The openings 14 serve as large, protected reservoirs for delivering
various therapeutic agents to the device implantation site and/or
downstream of the implantation site and/or downstream of the
implantation site.
[0041] The relatively large, protected openings 14, as described
above, make the expandable medical device particularly suitable for
delivering large amounts of therapeutic agents, or genetic or
cellular agents, and for directional delivery of agents. The large
non-deforming openings 14 in the expandable device 10 form
protected areas or reservoirs to facilitate the loading of such
agents, and to protect the agent from abrasion, extrusion, or other
degradation during delivery and implantation.
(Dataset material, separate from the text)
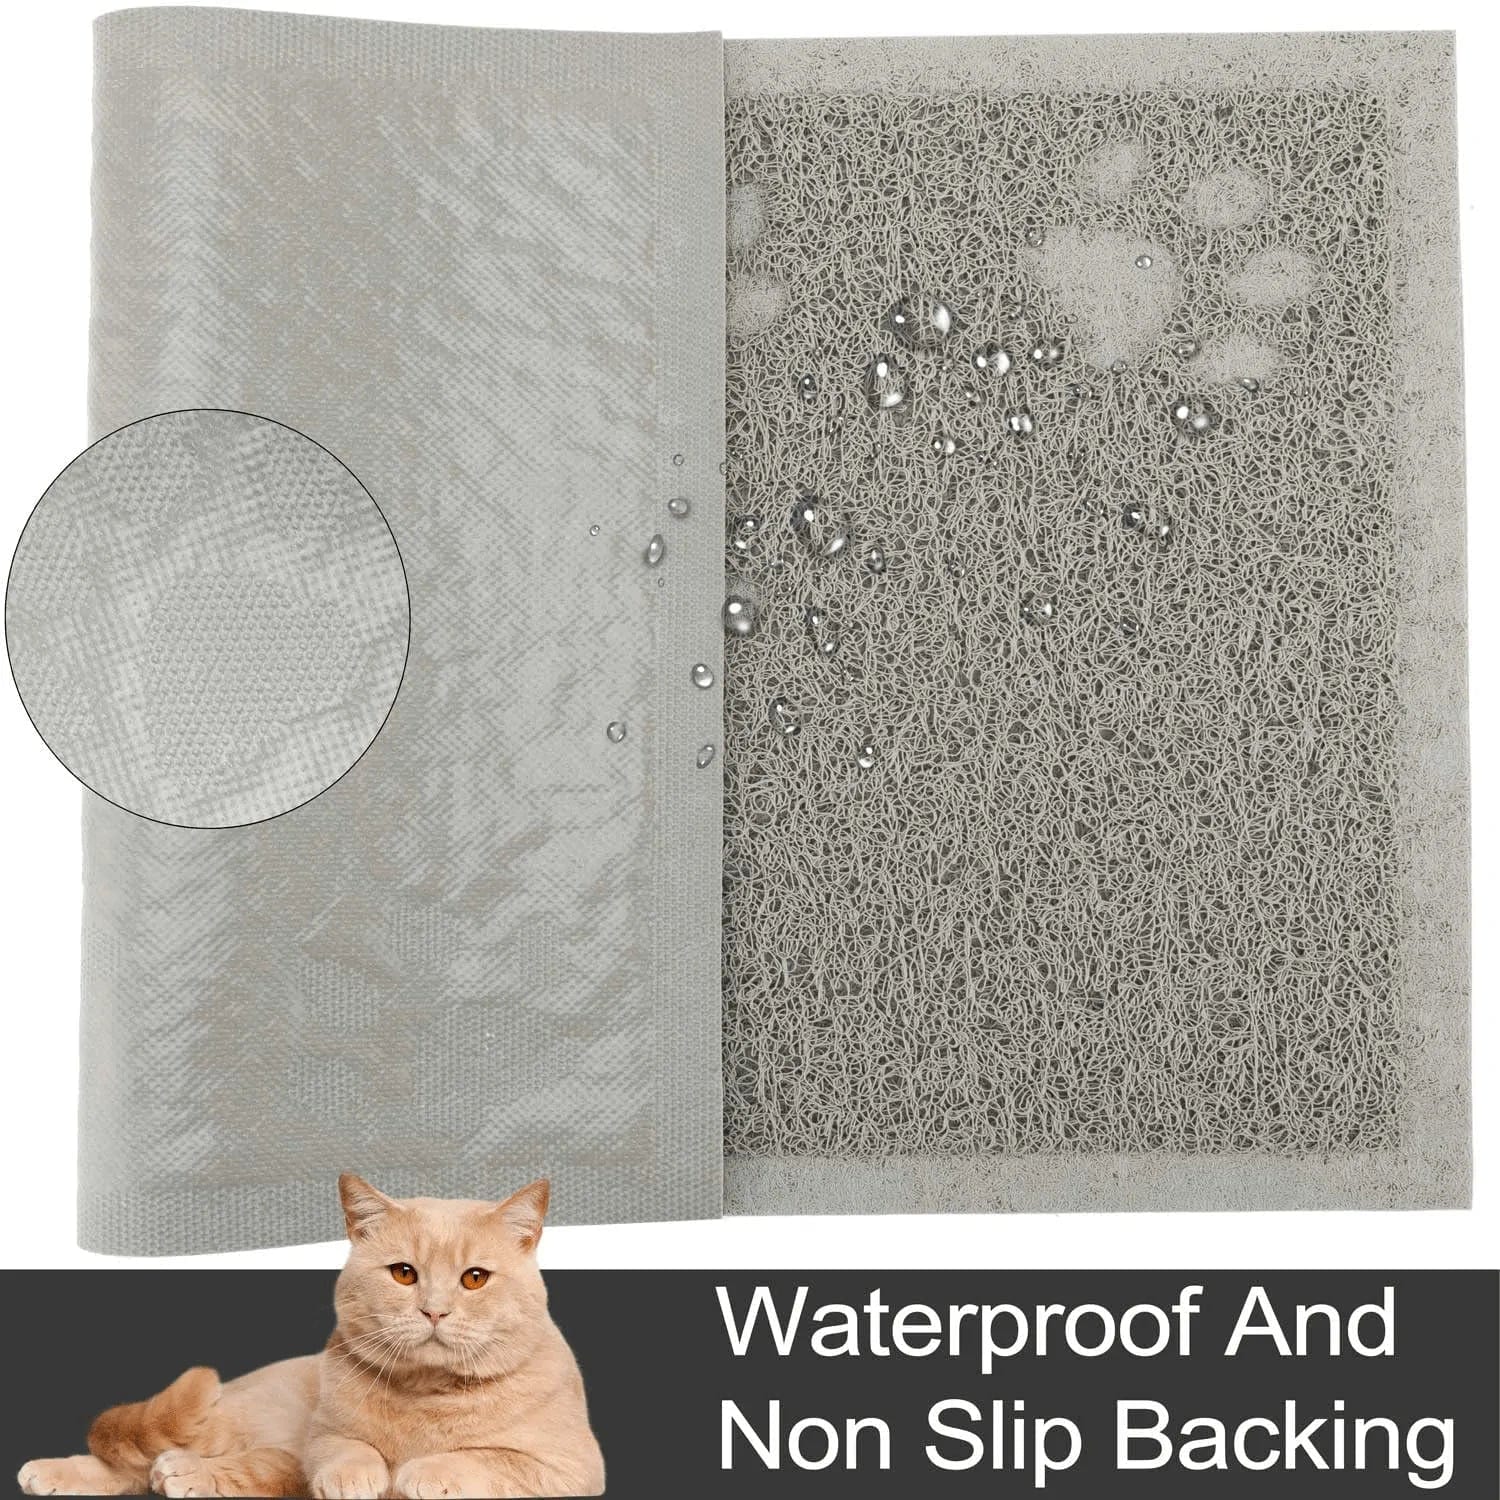 URDOGSL Cat Litter Mat, Premium Durable Cat Litter Trapping Mat for Li –  KOL PET

[0042] FIG. 1 illustrates an expandable medical device for
directional delivery of one or more therapeutic agents 16. The
openings 14 contain one or more therapeutic agents 16 for delivery
to the lumen 116 of the blood vessel and an optional barrier 18 in
or adjacent the mural side of the openings. A single opening may
contain more than one therapeutic agent or multiple openings may
contain only one therapeutic agent. The therapeutic agent in each
opening may be the same or different.
[0043] The volume of therapeutic agent that can be delivered using
openings 14 is about 3 to 10 times greater than the volume of a 5
micron coating covering a stent with the same stent/vessel wall
coverage ratio. This much larger therapeutic agent capacity
provides several advantages. The larger capacity can be used to
deliver multi-drug combinations, each with independent release
profiles, for improved efficacy. Also, larger capacity can be used
to provide larger quantities of less aggressive drugs and to
achieve clinical efficacy without the undesirable side-effects of
more potent drugs, such as retarded healing of the endothelial
layer.
[0044] FIG. 3 shows a cross section of a portion of a medical
device 10 in which one or more therapeutic agents have been loaded
into an opening 14 in multiple deposits. Although multiple discrete
layers are shown for ease of illustration, the layers may be
discrete layers with independent compositions or blended to form a
continuous polymer matrix and agent inlay. For example, the layers
can be deposited separately in layers of a drug, polymer, solvent
composition which are then blended together in the openings by the
action of the solvent. The agent may be distributed within an inlay
uniformly or in a concentration gradient. Examples of some methods
of creating such deposits and arrangements of layers are described
in U.S. Patent Publication No. 2002/0082680, published on Jun. 27,
2002 which is incorporated herein by reference in its entirety. The
use of drugs in combination with polymers within the openings 14
allows the medical device 10 to be designed with drug release
kinetics tailored to the specific drug delivery profile
desired.
[0045] According to one embodiment, the openings have an area of at
least 5.times.10.sup.-6 square inches, and preferably at least
10.times.10.sup.-6 square inches.
[0046] In the example of FIG. 3, the mural side of the openings are
provided with a cap region 18 which is a region of polymer or other
material having an erosion rate which is sufficiently slow to allow
substantially all of the therapeutic agent in the therapeutic agent
region 16 to be delivered from the luminal side of the opening
prior to erosion of the cap region. The cap region 18 prevents loss
of the therapeutic agent during transport, storage, and during the
stent implantation procedure. However, the cap region 18 may be
omitted where mural and luminal delivery of the agent is
acceptable.
[0047] In one example, the cap region 18 and/or a base region 22
may be formed by a material soluble in a different solvent from the
therapeutic agent region 16 to prevent intermixing of regions
during fabrication. For example, where one or more deposits of
therapeutic agent and matrix have been deposited in the openings in
a solvent (e.g. Insulin and PVP in water), it may be desirable to
select a different polymer and solvent combination (e.g. PLGA
inanisole) for the cap region to prevent the therapeutic agent from
mixing into the cap region. In addition to the cap 18 and base 22,
other therapeutic agent regions, protective or separating regions
may also be formed of non-mixing polymer/solvent systems in this
manner.
[0048] The base 22 can provide a seal during filling of the
openings. The base 22 is preferably a rapidly degrading
biocompatible material when providing luminal delivery.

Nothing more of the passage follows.